Aprire un home restaurant in Italia è possibile? Stando alla normativa vigente, sì. Per il semplice fatto che, nonostante i ripetuti tentativi di discutere le legislazione dell’home food in parlamento, il vuoto normativo in proposito non è ancora stato colmato. Poiché non è regolamentata, l’attività è inquadrata come occasionale e non necessita di dichiarazioni particolari; per lo stesso principio, l’abitazione che ospita l’home restaurant – cucina compresa – non deve avere requisiti igienico-sanitari definiti, anche se chi si occupa del settore consiglia di ottenere almeno un attestato di sicurezza alimentare.

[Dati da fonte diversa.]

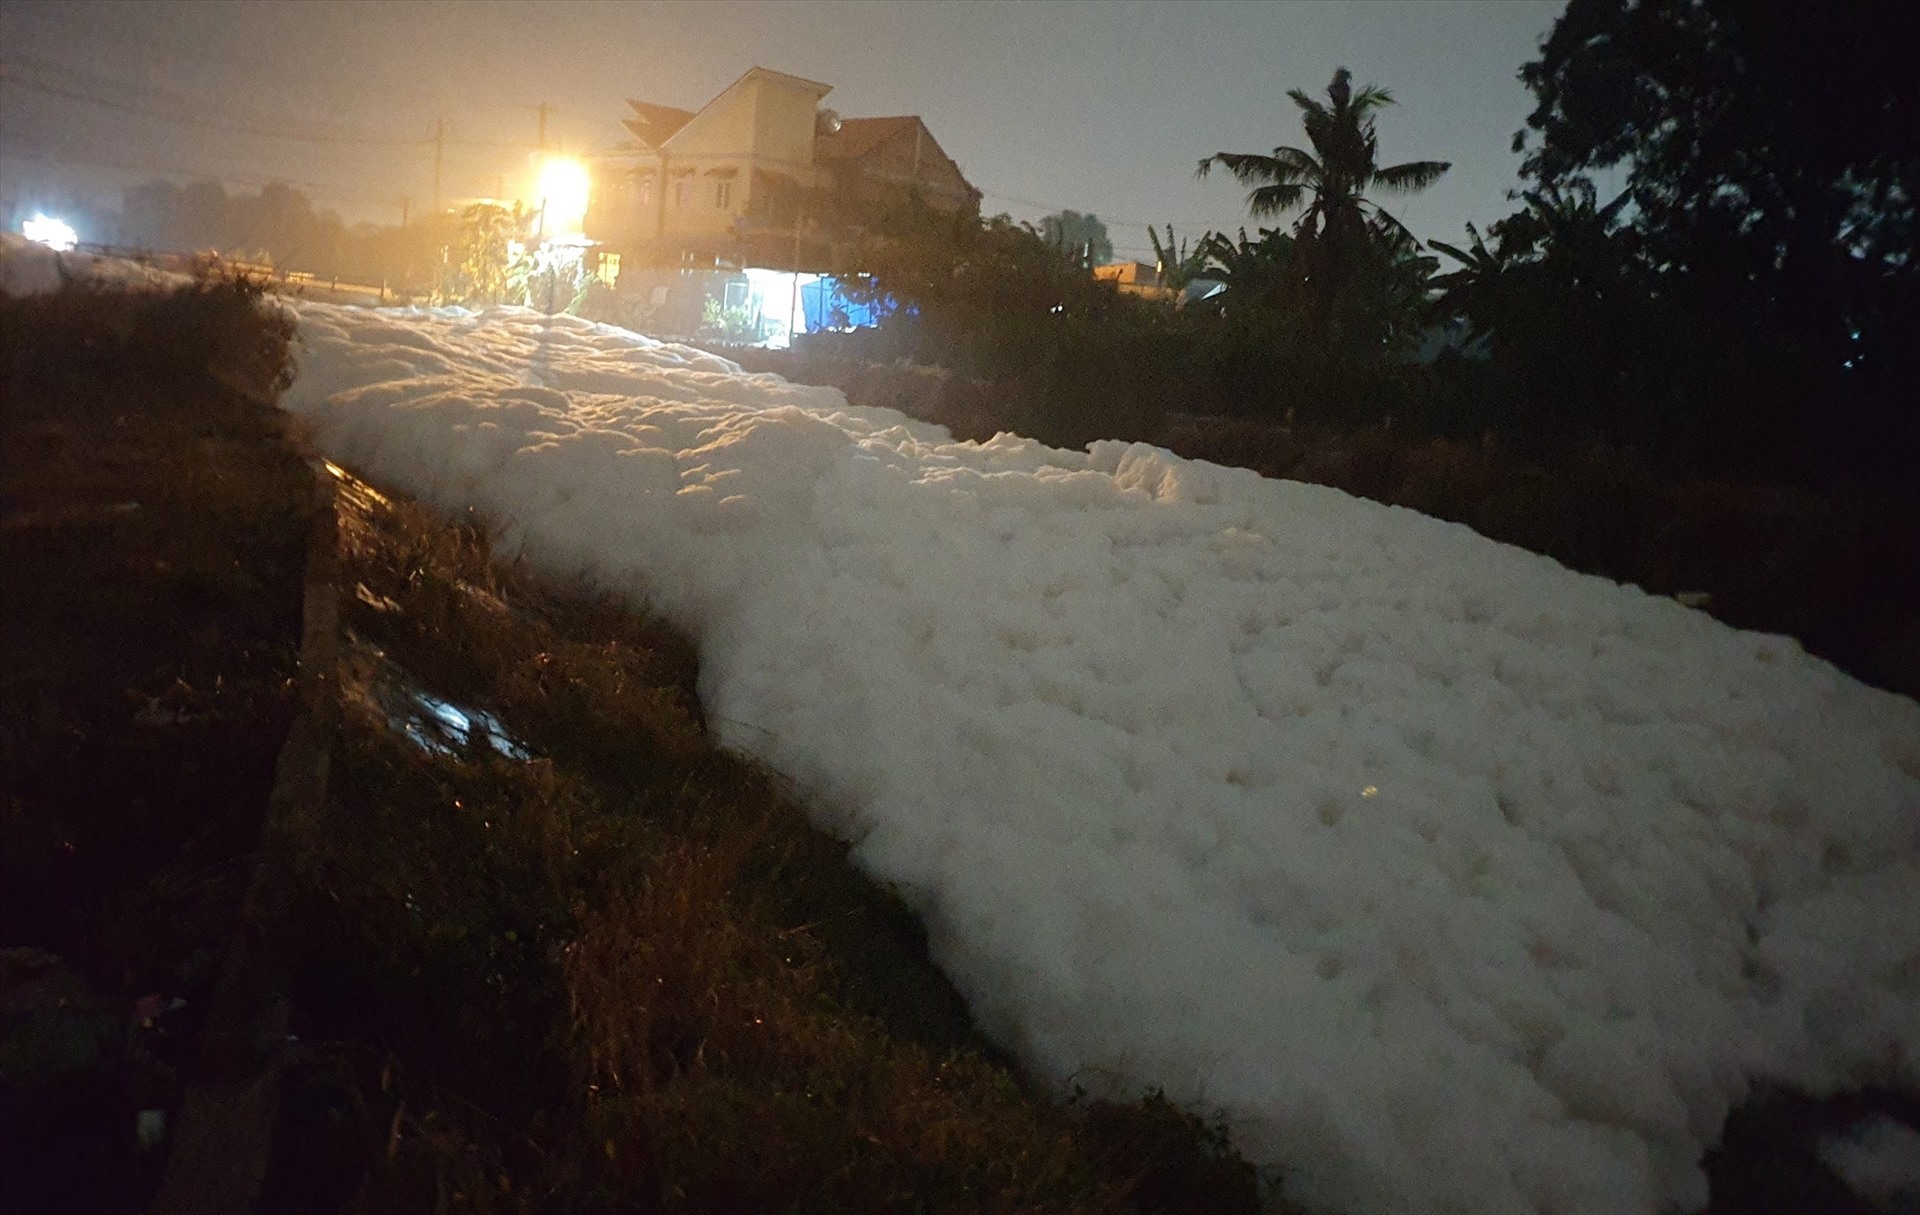 Suối Chợ tại thị xã Tân Uyên, Bình Dương nổi đầy bọt trắng sau cơn mưa lớn ngày 8.4. Hiện cơ quan chức năng vẫn đang xác minh làm rõ. Ảnh: Thanh Hải
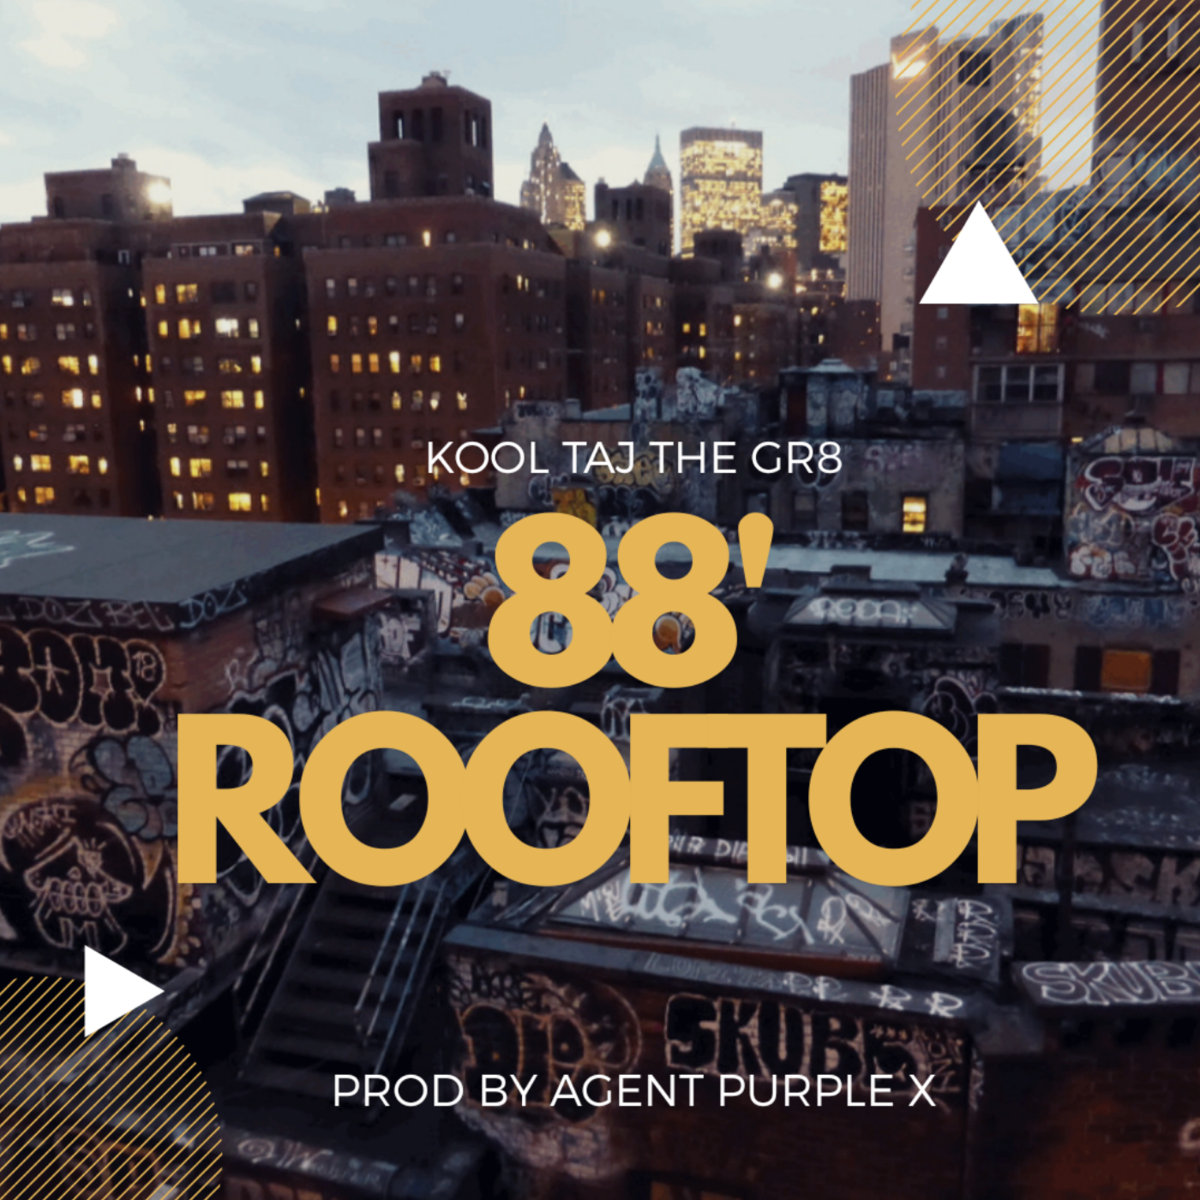 New Music! Kool Taj The Gr8 “88′” Rooftop @KoolTajTheGr8

Per il fisco, al di sotto dei 5mila euro annui non è necessario aprire la partita IVA. Quello che accadrà a chi supera questa cifra sarà la legislazione futura a deciderlo. Sarà importante, in questo senso, verificare l’inquadramento che le Camere di Commercio sceglieranno di dare all’attività di home restaurant svolta in maniera professionale. La tendenza, oggi, sembra quella di assimilarla alle attività di somministrazione ma in Italia, si sa, finché carta non canta le certezze sono poche e fumose.

Concludendo, attualmente aprire un ristorante in casa non è illegale, anche se l’aura di clandestinità contribuisce ad aumentare il fascino dell’esperienza. Gli sviluppi di questa formula gastronomica innovativa sono, anzi, plurimi: da un lato ci sono gli chef – già noti o emergenti – che si ritagliano in casa propria spazi di sperimentazione e confronto; dall’altro c’è chi ispira il suo ristorante in casa ad una filosofia strettamente sharing, cucinando piatti della tradizione che costano poco più di 5 euro, soprattutto per trasfertisti e studenti fuori sede.
L’investimento per provare a crearsi un reddito integrativo cucinando per amici “al buio” è minimo e la rete di contatti si sta via via ingrandendo grazie ai social network e ai portali dedicati. Le cene degli Home Restaurant sono più di un evento culturale, sono una risposta alla crisi nell’ottica della sharing economy e dal consumo collaborativo.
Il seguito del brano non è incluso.